» Exercise:
The response should consist of the data below, copied exactly, with no pictures in it.

» Data shown:

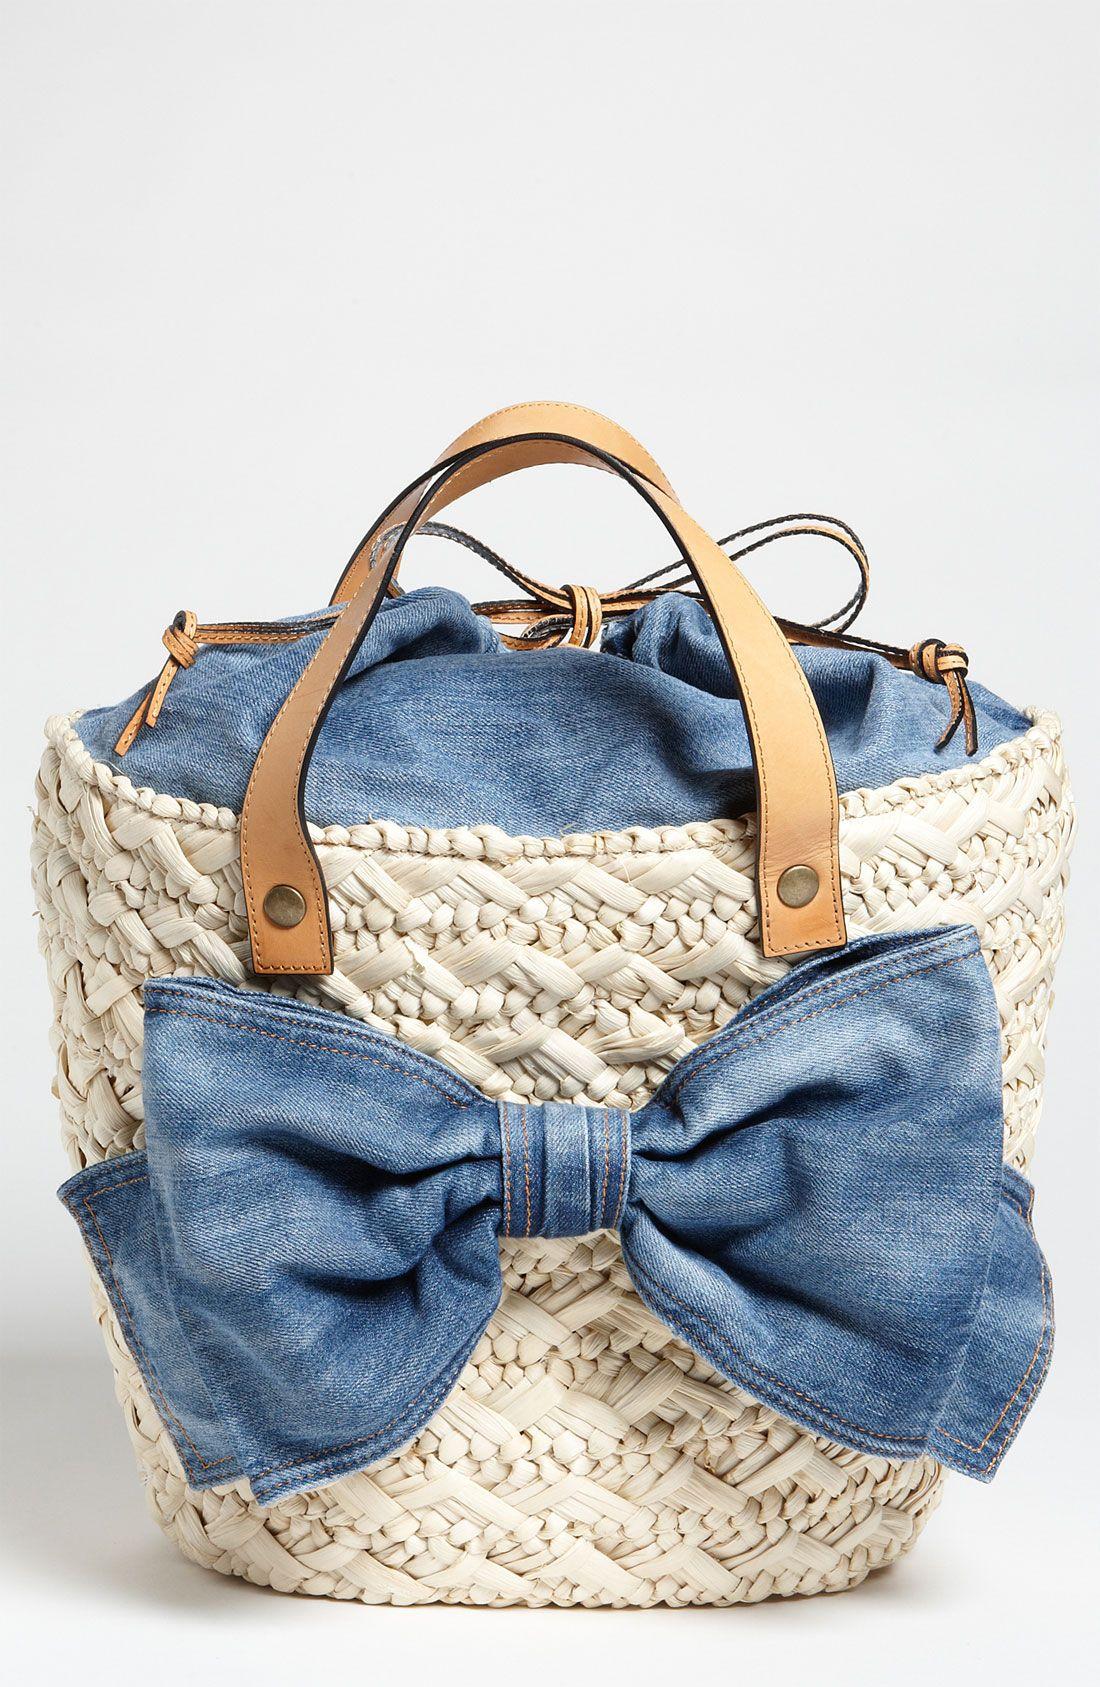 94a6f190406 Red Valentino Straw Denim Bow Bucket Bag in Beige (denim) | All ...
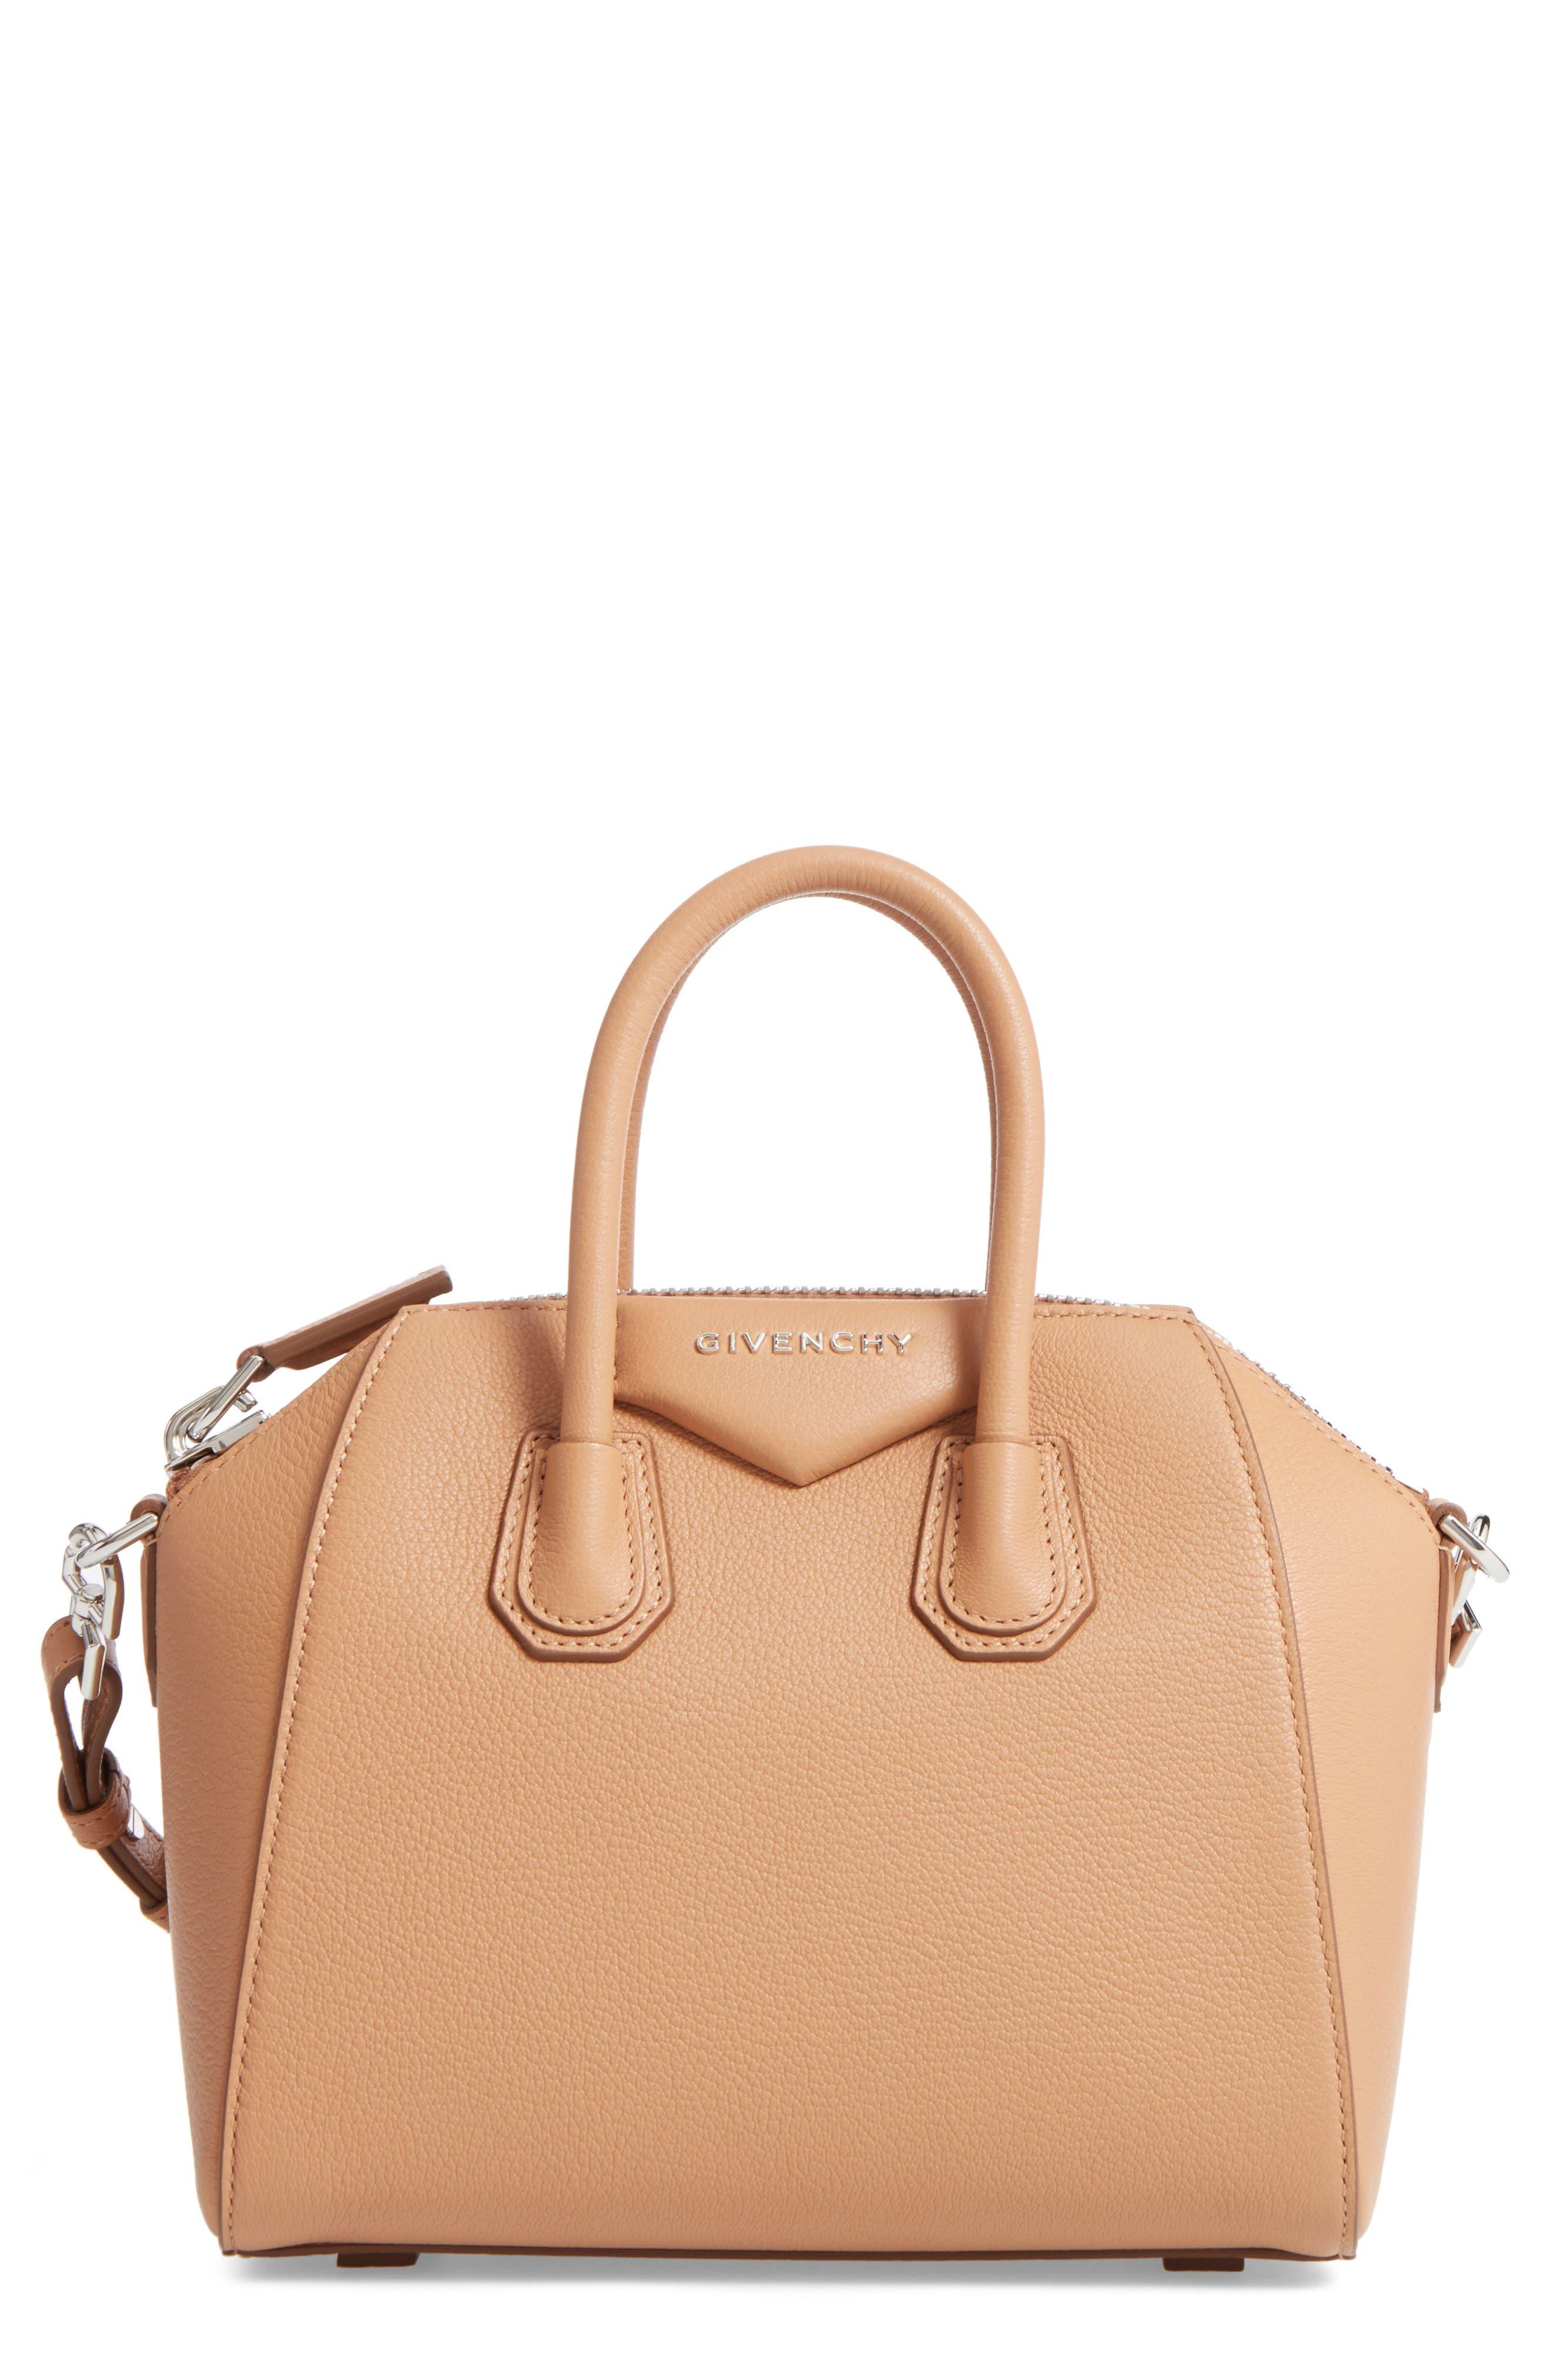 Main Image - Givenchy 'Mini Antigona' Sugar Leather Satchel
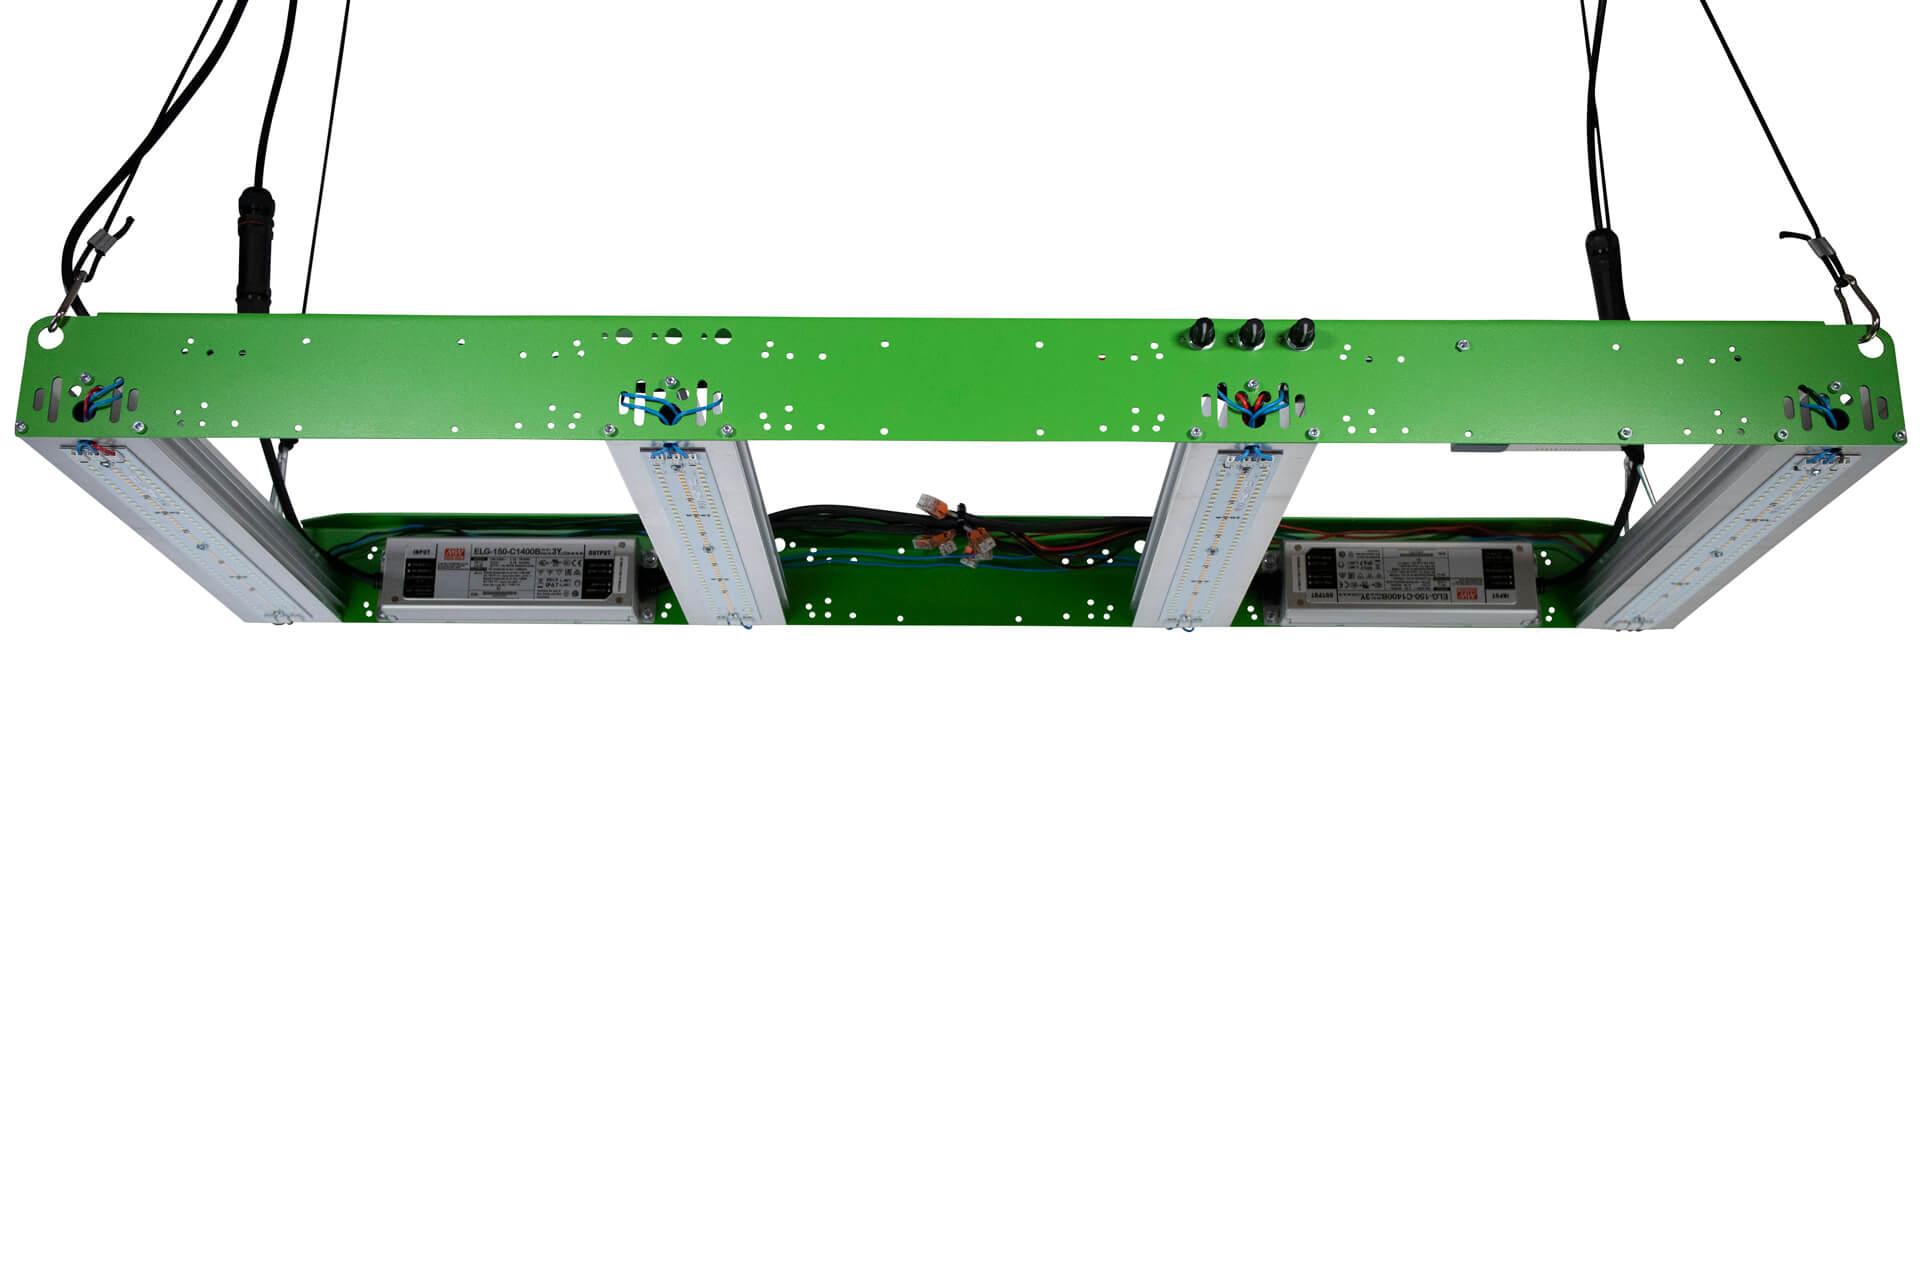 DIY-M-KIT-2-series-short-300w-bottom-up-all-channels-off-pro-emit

» Expected output:
 94a6f190406 Red Valentino Straw Denim Bow Bucket Bag in Beige (denim) | All ...
 Main Image - Givenchy 'Mini Antigona' Sugar Leather Satchel
 DIY-M-KIT-2-series-short-300w-bottom-up-all-channels-off-pro-emit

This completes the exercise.